Output exactly the lines below from the one containing "Germania, Bonn, 10.10.1990" to the last line, both included. Omit pictures.

**COLLECTED MATERIAL**.
%%

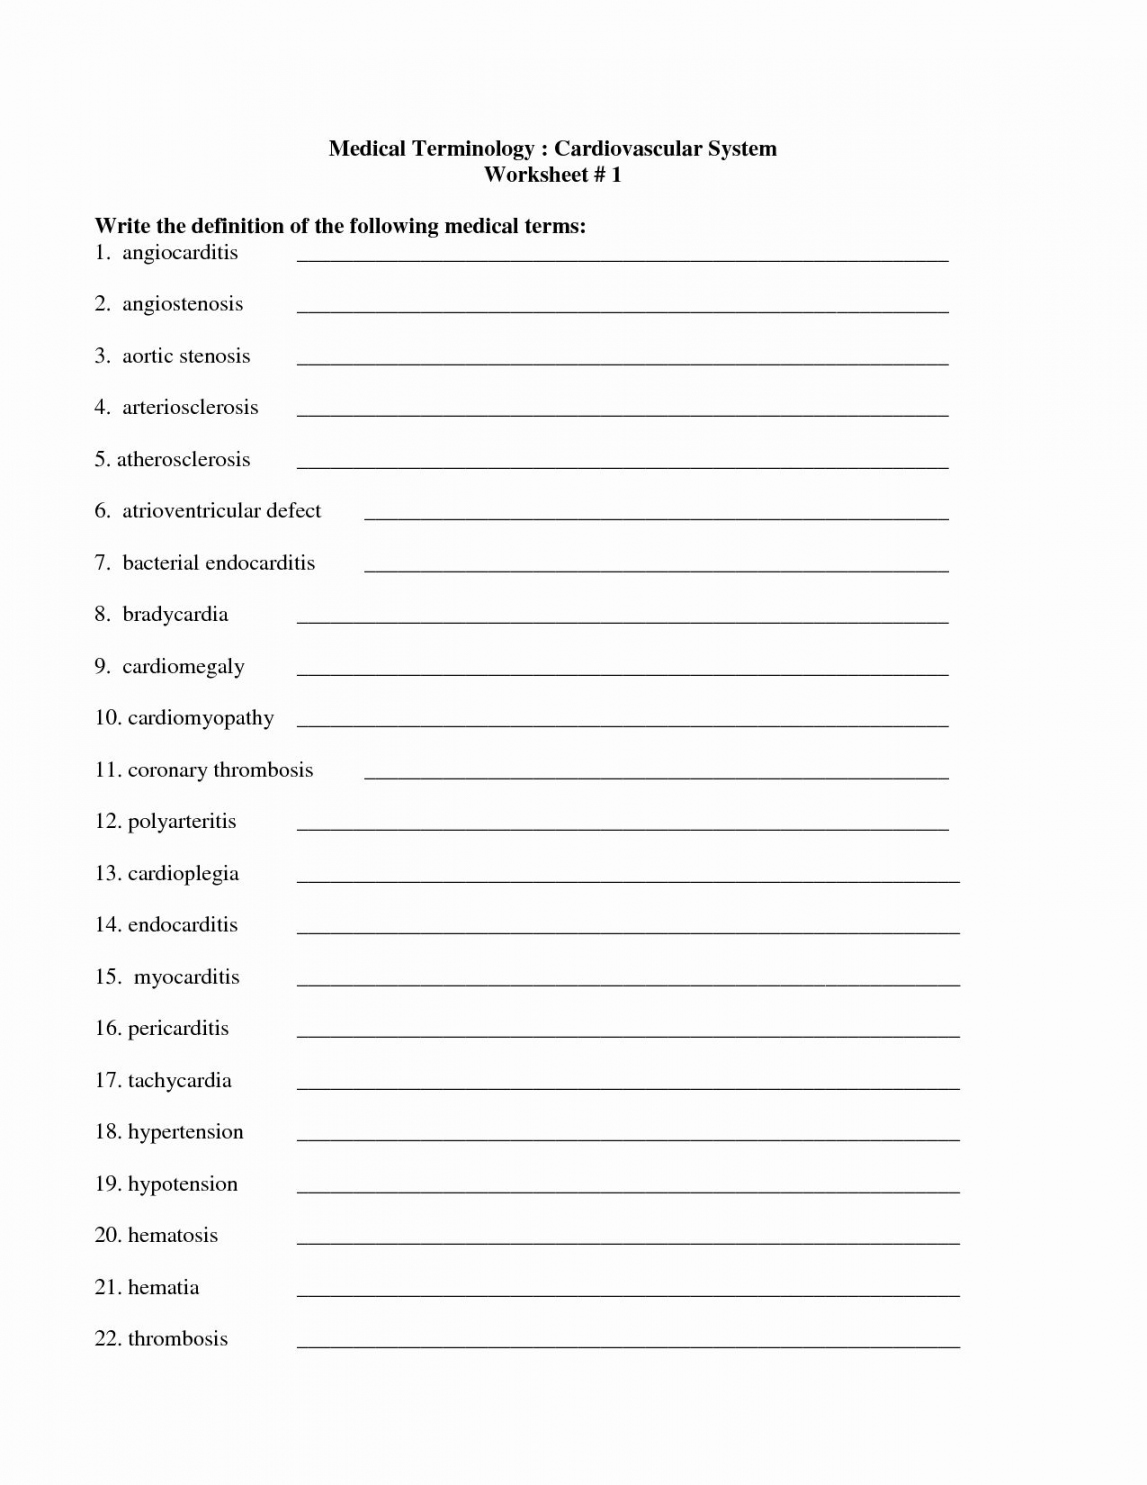 Free Printable Medical Terminology Worksheets - FREE Printables - Free Printable Medical Terminology Worksheet
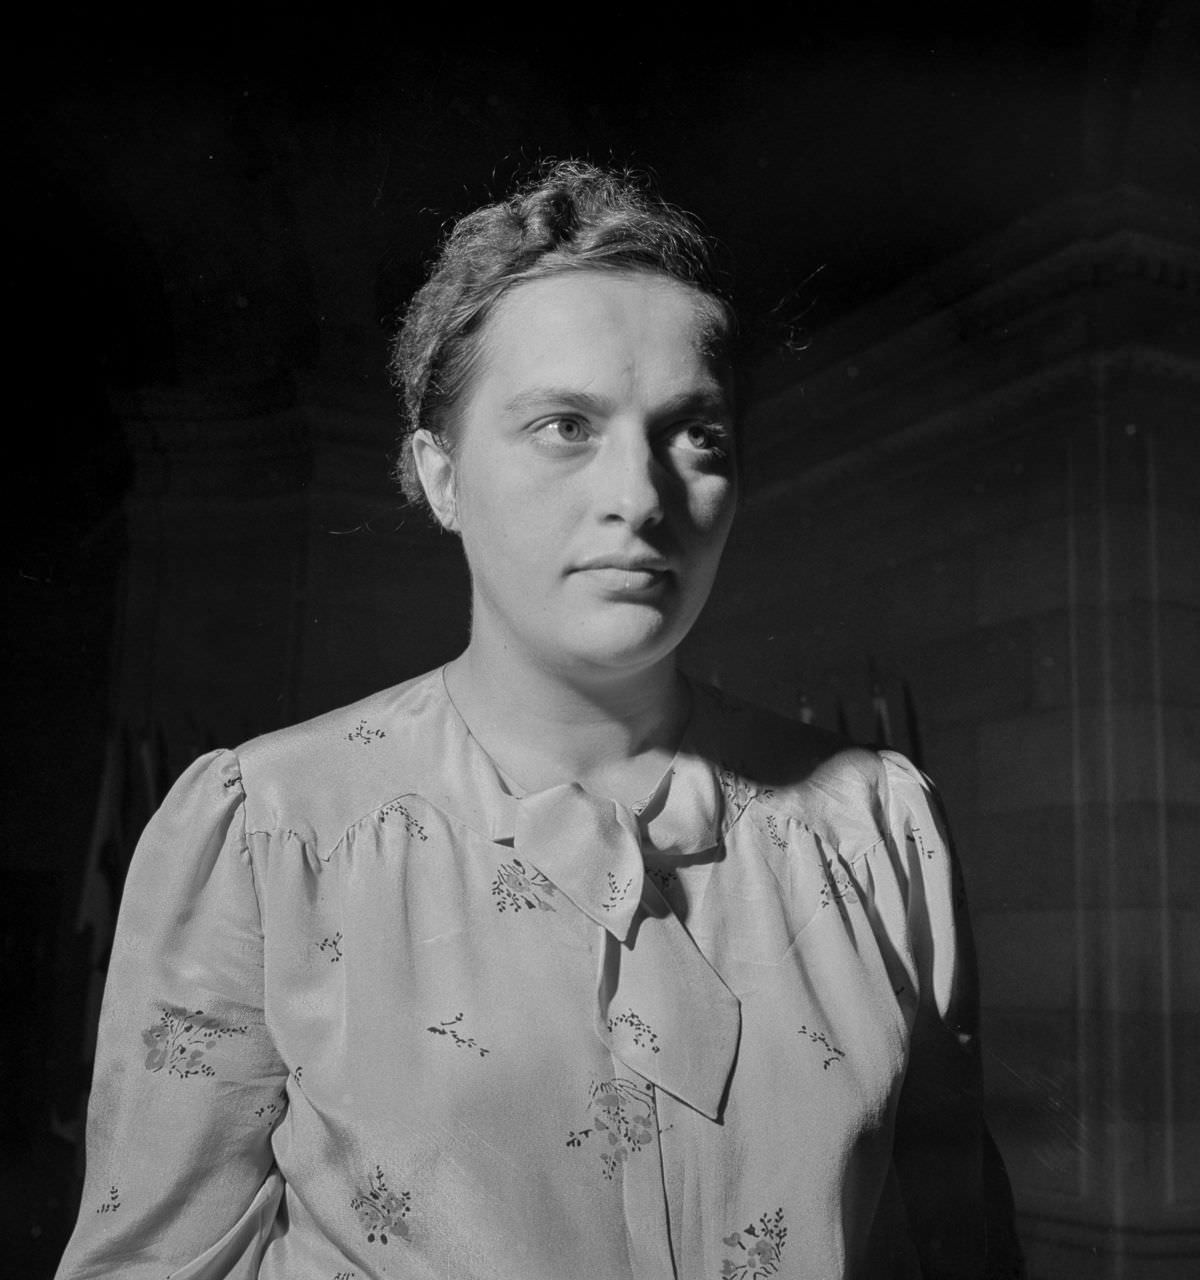 Pavlichenko during her visit to Washington, D.C. 1942.
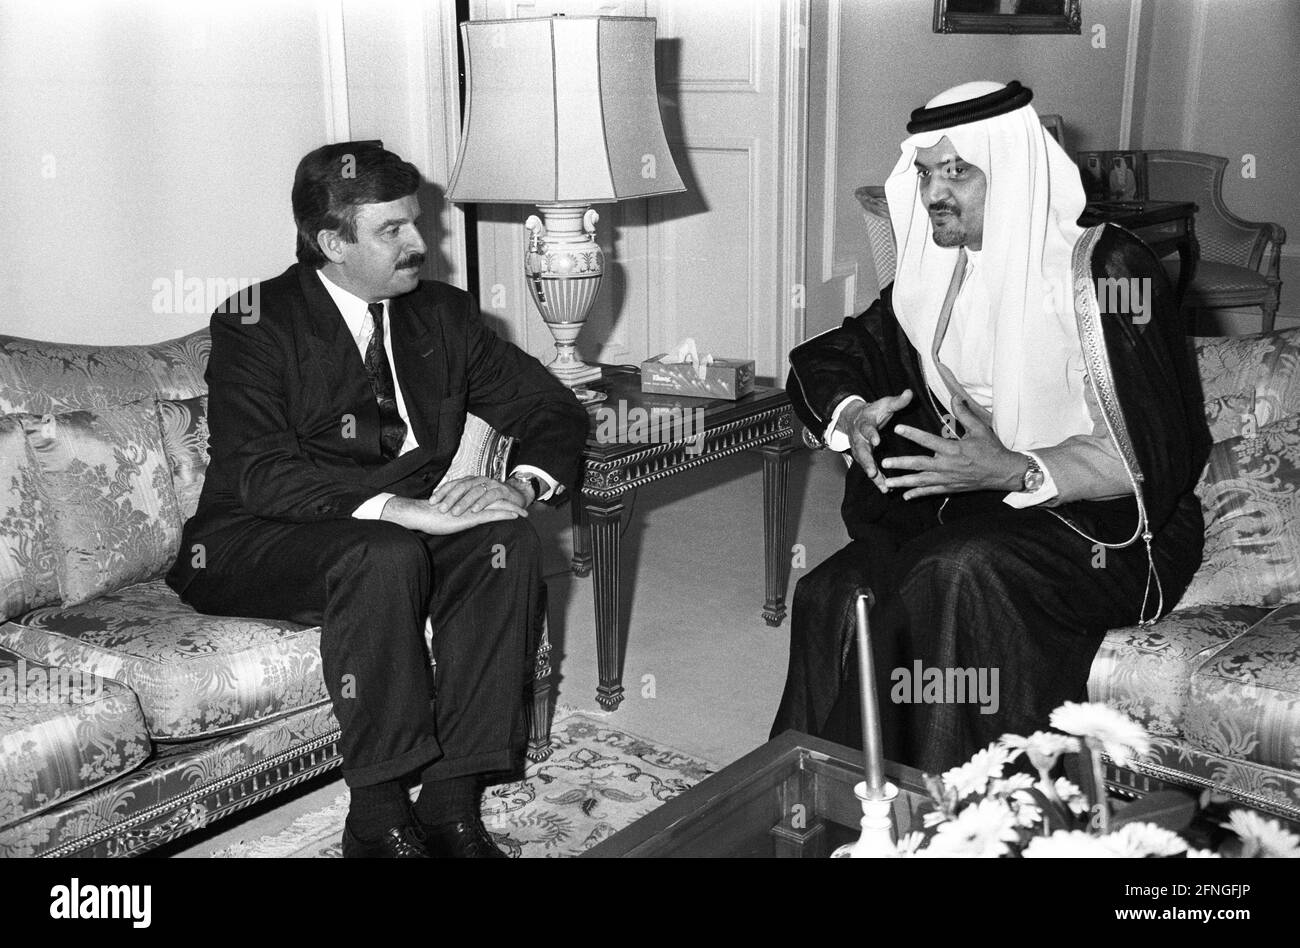 Germania, Bonn, 10.10.1990 Archivio n.: 20-69-12 Visita del ministro degli Esteri Saudita Principe Faisal Foto: Juergen Moellemann e il principe Faisal [traduzione automatizzata] Foto Stock
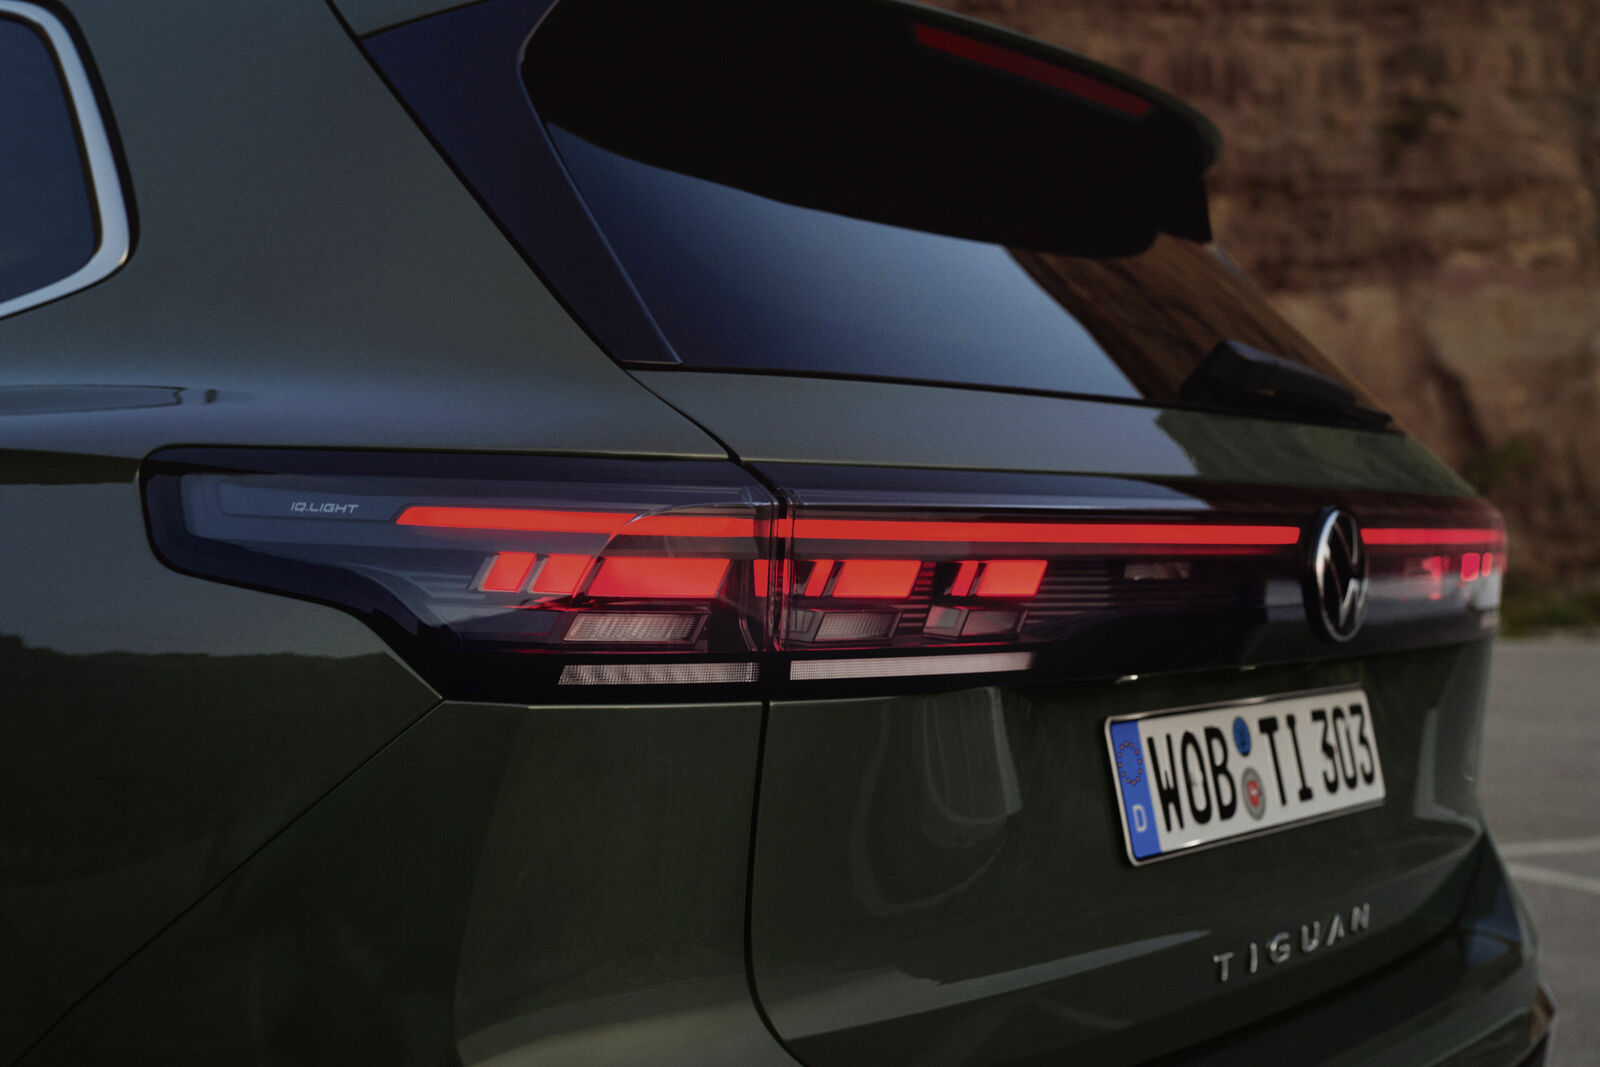 VW Tiguan 2024: Neuauflage als Benziner, Diesel und Hybrid

%%

**OUTPUT BELOW**.
 Germania, Bonn, 10.10.1990 Archivio n.: 20-69-12 Visita del ministro degli Esteri Saudita Principe Faisal Foto: Juergen Moellemann e il principe Faisal [traduzione automatizzata] Foto Stock
 VW Tiguan 2024: Neuauflage als Benziner, Diesel und Hybrid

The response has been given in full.